You are viewing a plain text version of this content. The canonical link for it is here.
Posted to issues@spark.apache.org by "Raghu Angadi (Jira)" <ji...@apache.org> on 2023/02/11 20:54:00 UTC

[jira] [Created] (SPARK-42406) [PROTOBUF] Recursive field handling is incompatible with delta

Raghu Angadi created SPARK-42406:
------------------------------------

             Summary: [PROTOBUF] Recursive field handling is incompatible with delta
                 Key: SPARK-42406
                 URL: https://issues.apache.org/jira/browse/SPARK-42406
             Project: Spark
          Issue Type: Bug
          Components: Protobuf
    Affects Versions: 3.4.0
            Reporter: Raghu Angadi
             Fix For: 3.4.1


Protobuf deserializer (`from_protobuf()` function()) optionally supports recursive fields by limiting the depth to certain level.
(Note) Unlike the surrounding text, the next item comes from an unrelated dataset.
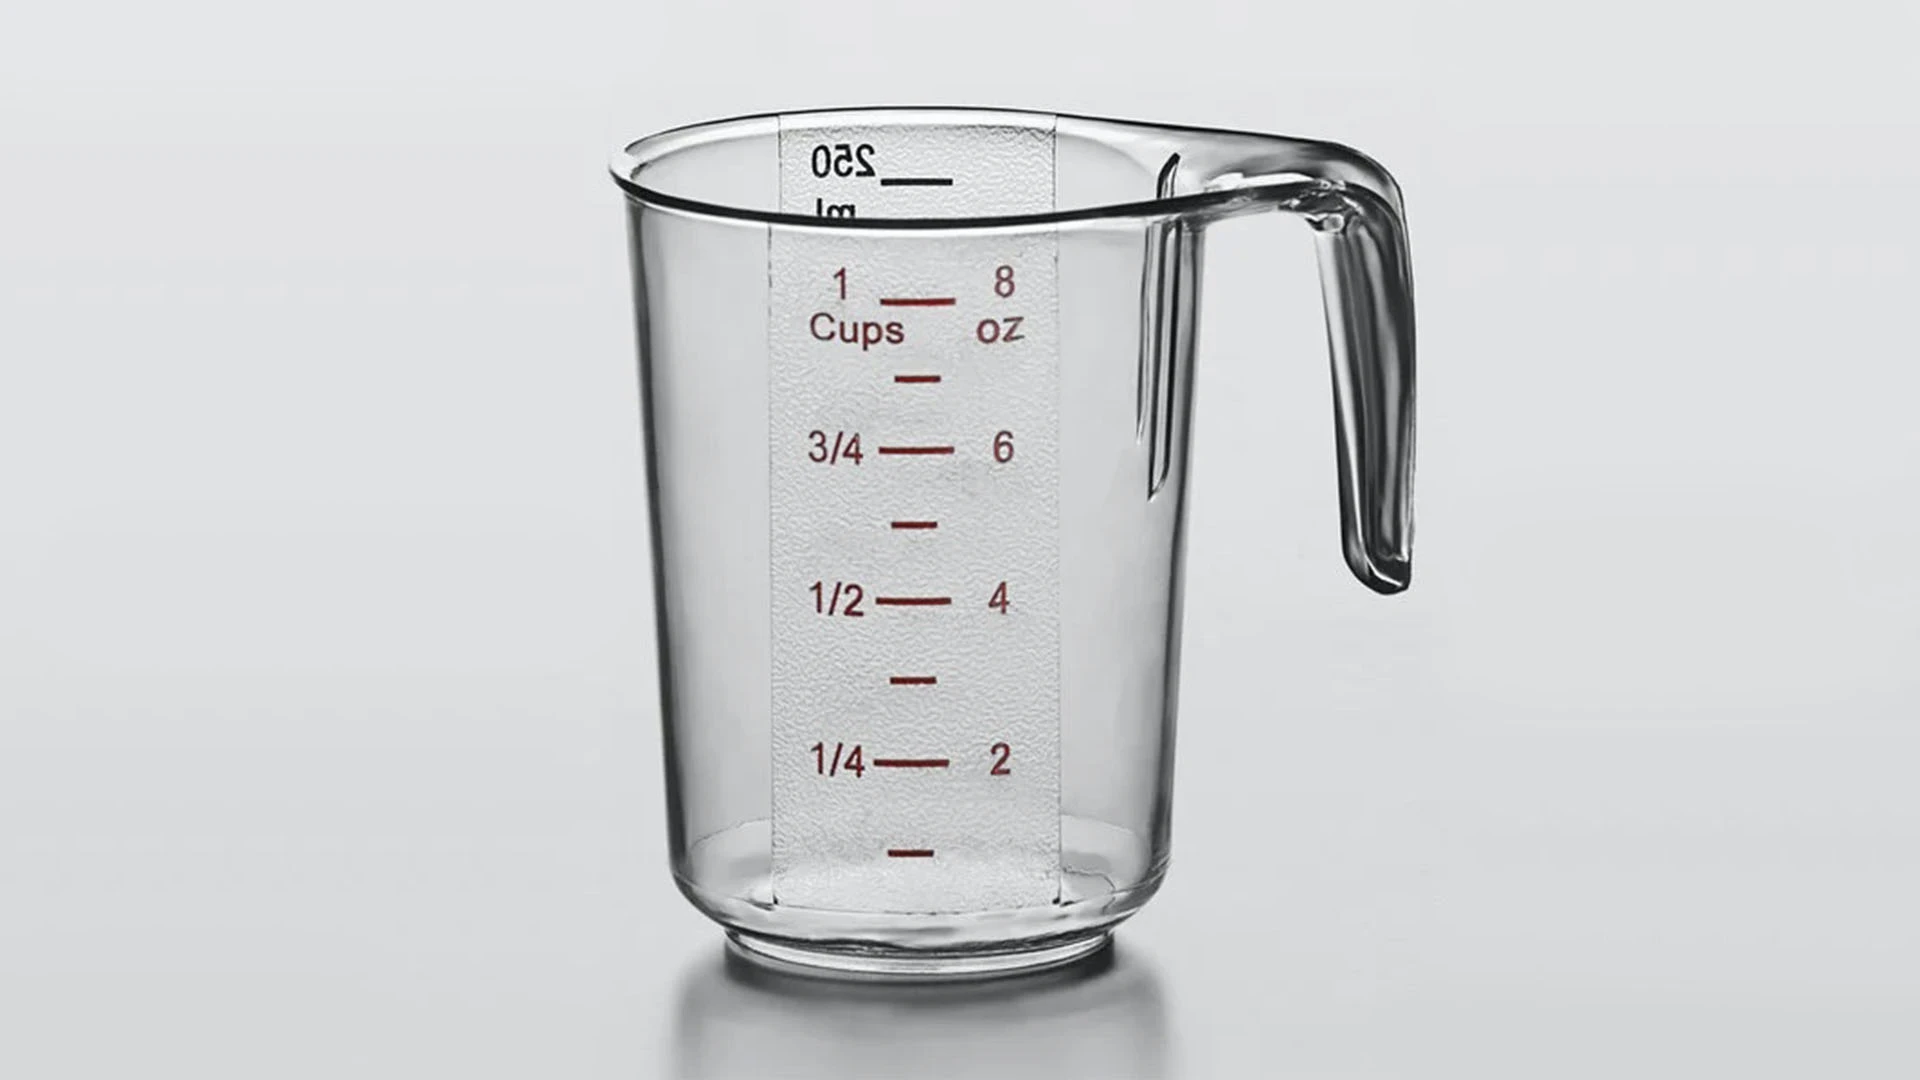 Converting Cups to Ounces

See example below. It assigns a 'NullType' for such a field when allowed depth is reached. 

It causes a few issues. E.g. a repeated field as in the following example results in a Array field with 'NullType'. Delta does not support null type in a complex type.

Actually `Array[NullType]` is not really useful anyway.

How about this fix: Drop the recursive field when the limit reached rather than using a NullType. 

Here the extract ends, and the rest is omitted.